**Task statement:** Copy exactly the lines of the records below, and only those lines, beginning with the line that contains "HD, Intel Celeron" and ending with the line that contains "Türkiye'nin yeni yıldızı".

**Dataset extract:**
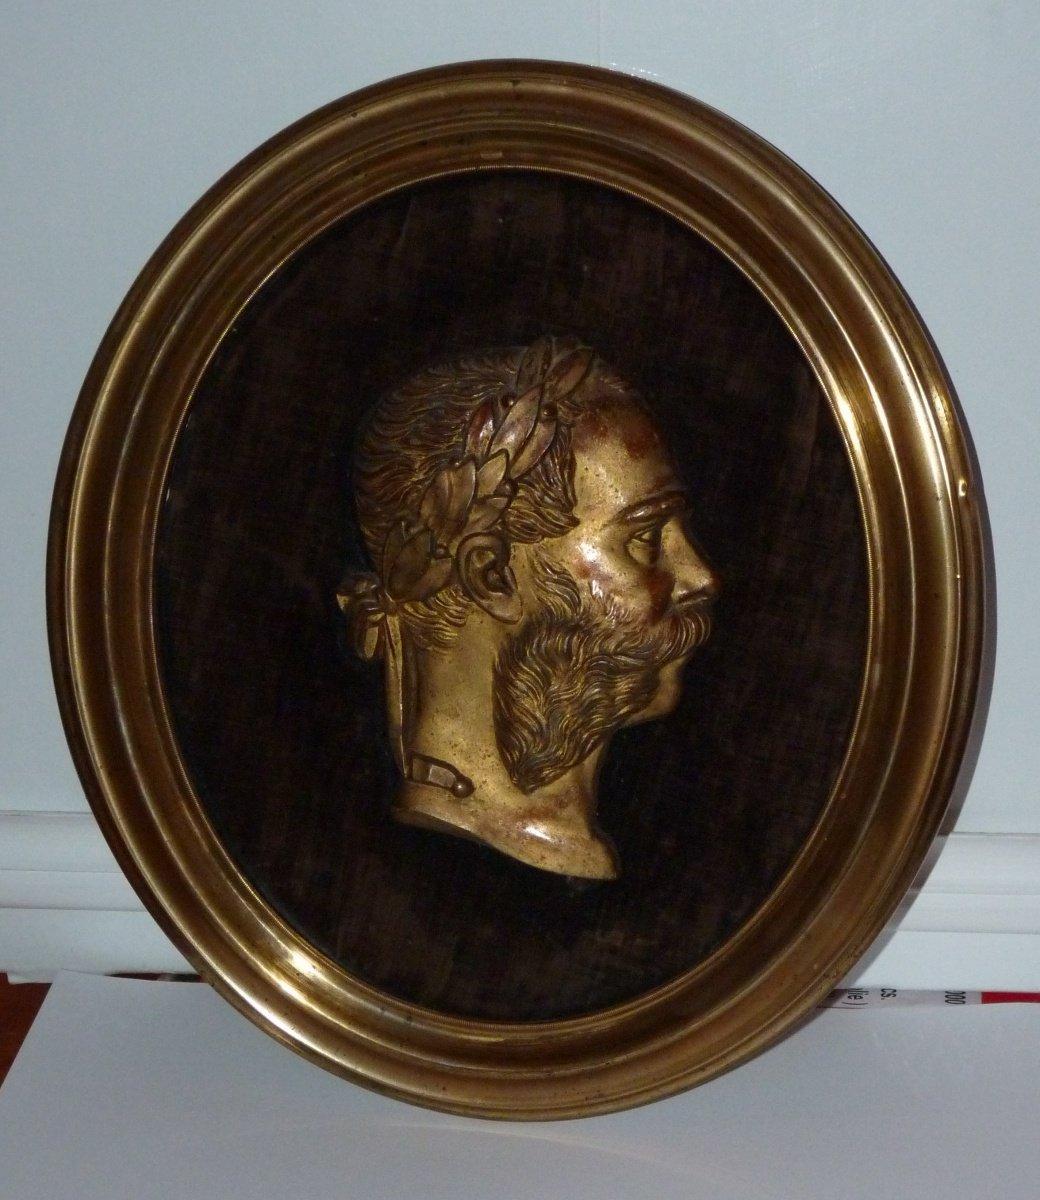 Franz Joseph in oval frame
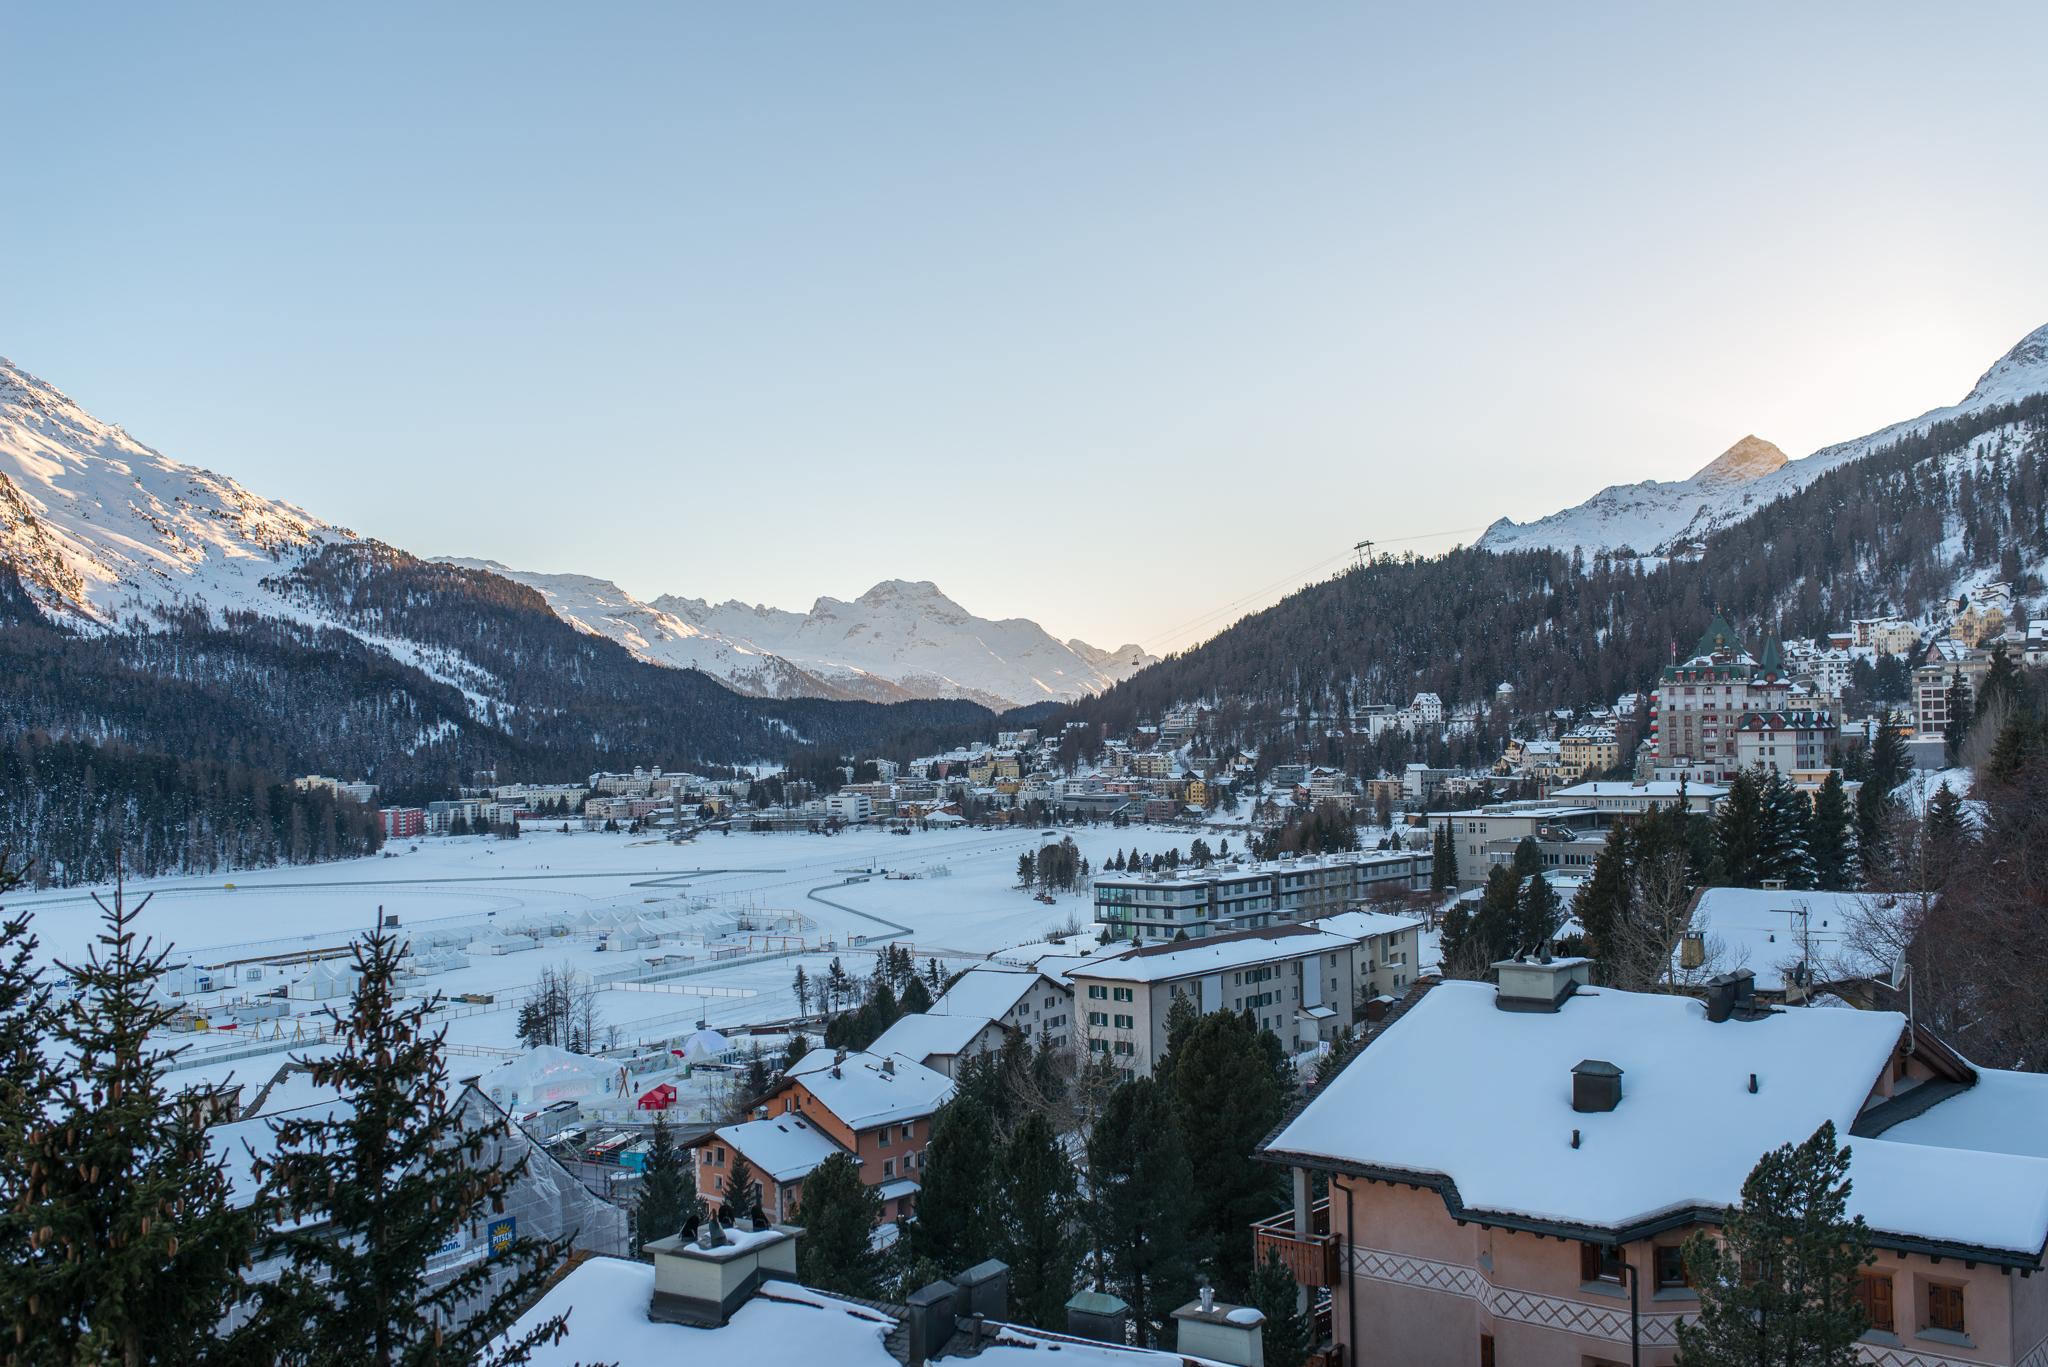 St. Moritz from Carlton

--

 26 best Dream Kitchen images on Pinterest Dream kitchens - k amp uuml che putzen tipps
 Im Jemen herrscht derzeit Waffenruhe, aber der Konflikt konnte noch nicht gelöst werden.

--

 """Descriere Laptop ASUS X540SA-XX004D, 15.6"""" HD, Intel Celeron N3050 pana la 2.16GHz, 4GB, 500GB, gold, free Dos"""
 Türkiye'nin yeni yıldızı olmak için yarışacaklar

**Result below:**
 """Descriere Laptop ASUS X540SA-XX004D, 15.6"""" HD, Intel Celeron N3050 pana la 2.16GHz, 4GB, 500GB, gold, free Dos"""
 Türkiye'nin yeni yıldızı olmak için yarışacaklar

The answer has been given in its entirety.